Obviously, the two important factors which have to be taken into account in the
electricity generation of a solar PV panel are the irradiation and temperature. These
factors strongly affect the characteristics of solar PV panels. Consequently, the MPP
varies during the day. If the operating point is not close to the MPP, significant power
losses occur. Thus, it is essential to track the MPP in all conditions to ensure that the
maximum available power is obtained from the solar PV panel. This problem is
entrusted to the maximum power point tracking (MPPT) algorithms through searching
and determining MPPs in various conditions. This paper proposes the adaptive P&O
algorithm for searching MPPs which is presented in detail in next section.
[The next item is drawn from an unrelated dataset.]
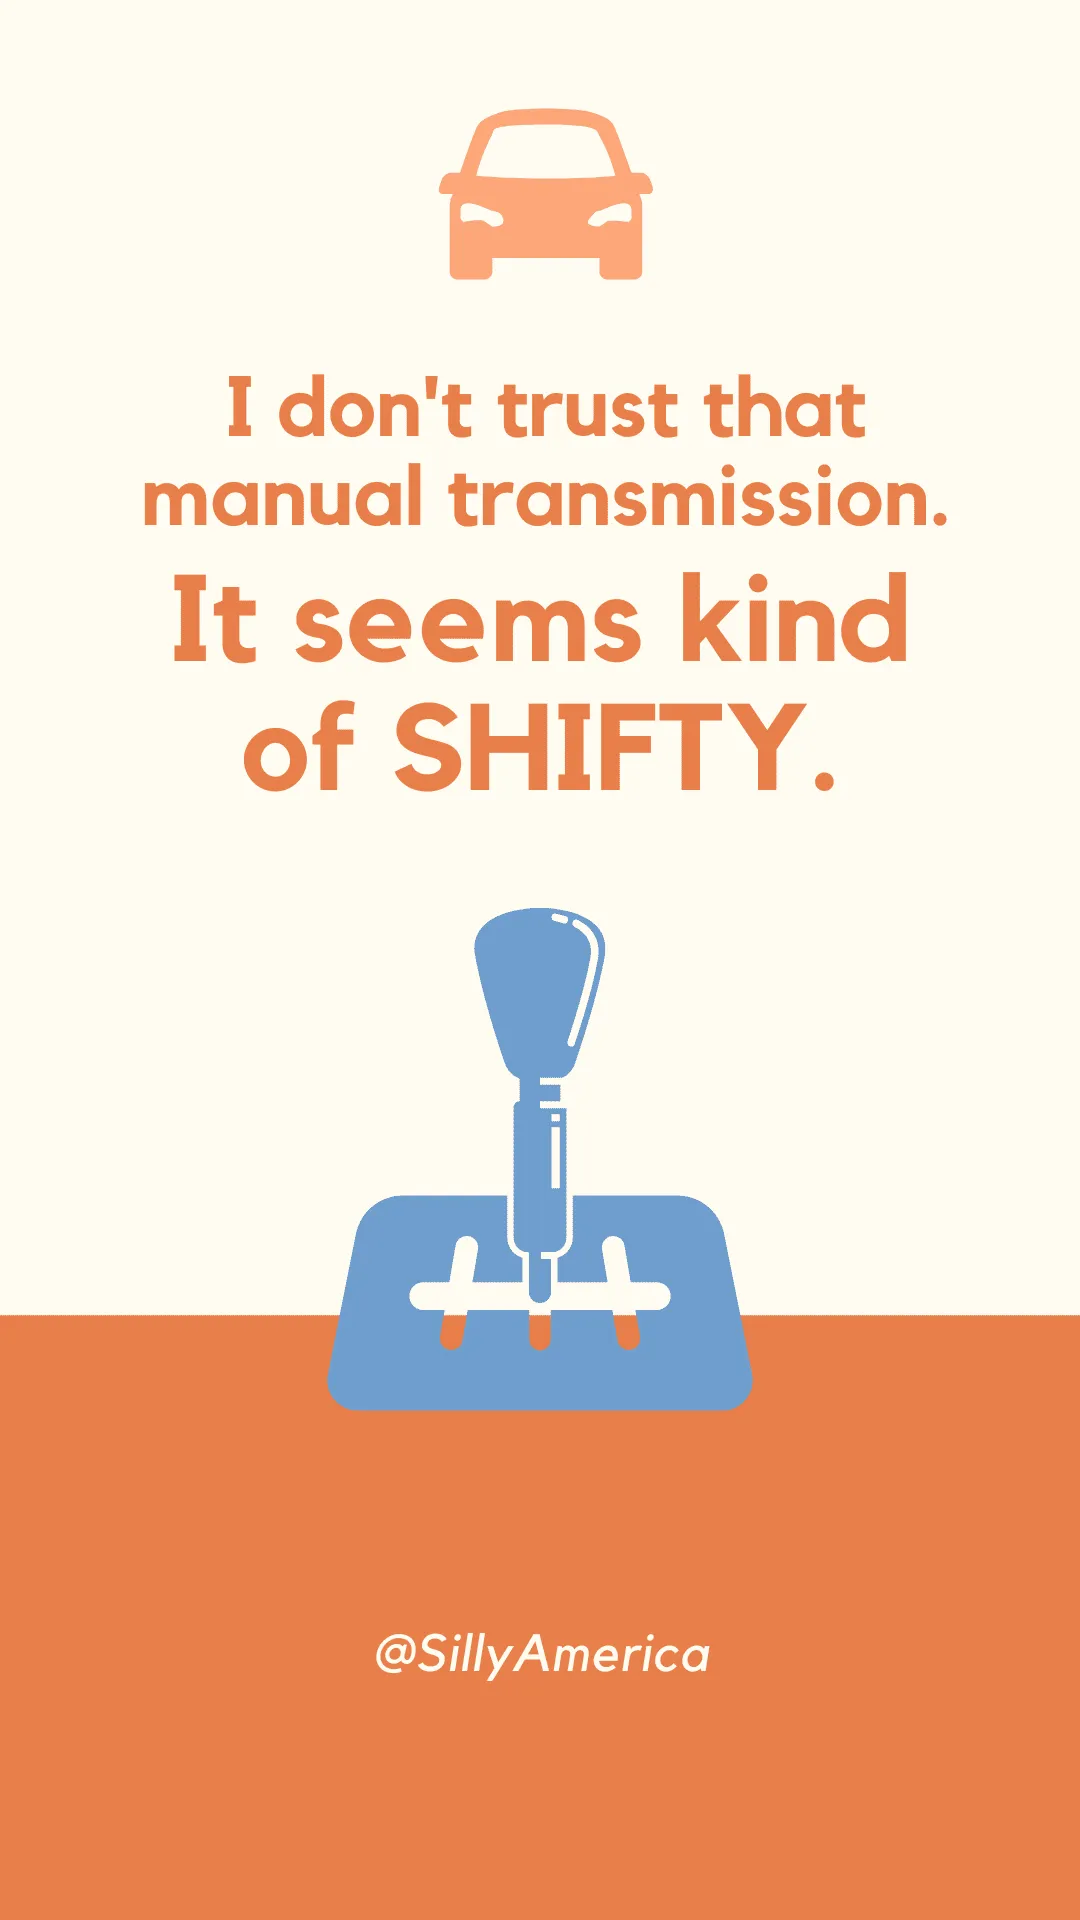 I don't trust that manual transmission. It seems kind of SHIFTY. - Car Puns to fuel your road trip content!

3. Grid-Connected Solar Photovoltaic System
Solar PV systems can be divided into two types: standalone solar PV systems that
require a battery to store the energy and grid-connected solar PV systems used in high
power applications. The grid-connected solar PV system consists of main components
such as the solar PV array, DC/DC converter, DC/AC inverter, filter, transformer and
energy storage as shown in Figure 1.
PV Array
DC/DC MPPT
Converter
Energy Storage
DC/AC Inverter
Filter
Transformer
PWM
PLL
Power systems
Figure 1. Grid-Connected Solar Pv System
DC/DC converters are mainly used to either regulate the output voltage at a constant
value from a fluctuating power source to reduce the ripples in the output voltage or
achieve multiple voltage levels from the same input voltage. Several DC/DC
converters include the buck (step down), boost (step up) and buck-boost topologies.
Otherwise, DC/AC inverters are mainly used to convert a constant DC voltage into
three phase AC voltages with variable magnitude and frequency which are obtained by
controlling the semi-conductor switches with pulse width modulation (PWM)
techniques. The phase locked loop (PLL) is to provide the rotation frequency, direct
and quadrature voltage components at the point of common coupling by solving the
grid voltage abc components.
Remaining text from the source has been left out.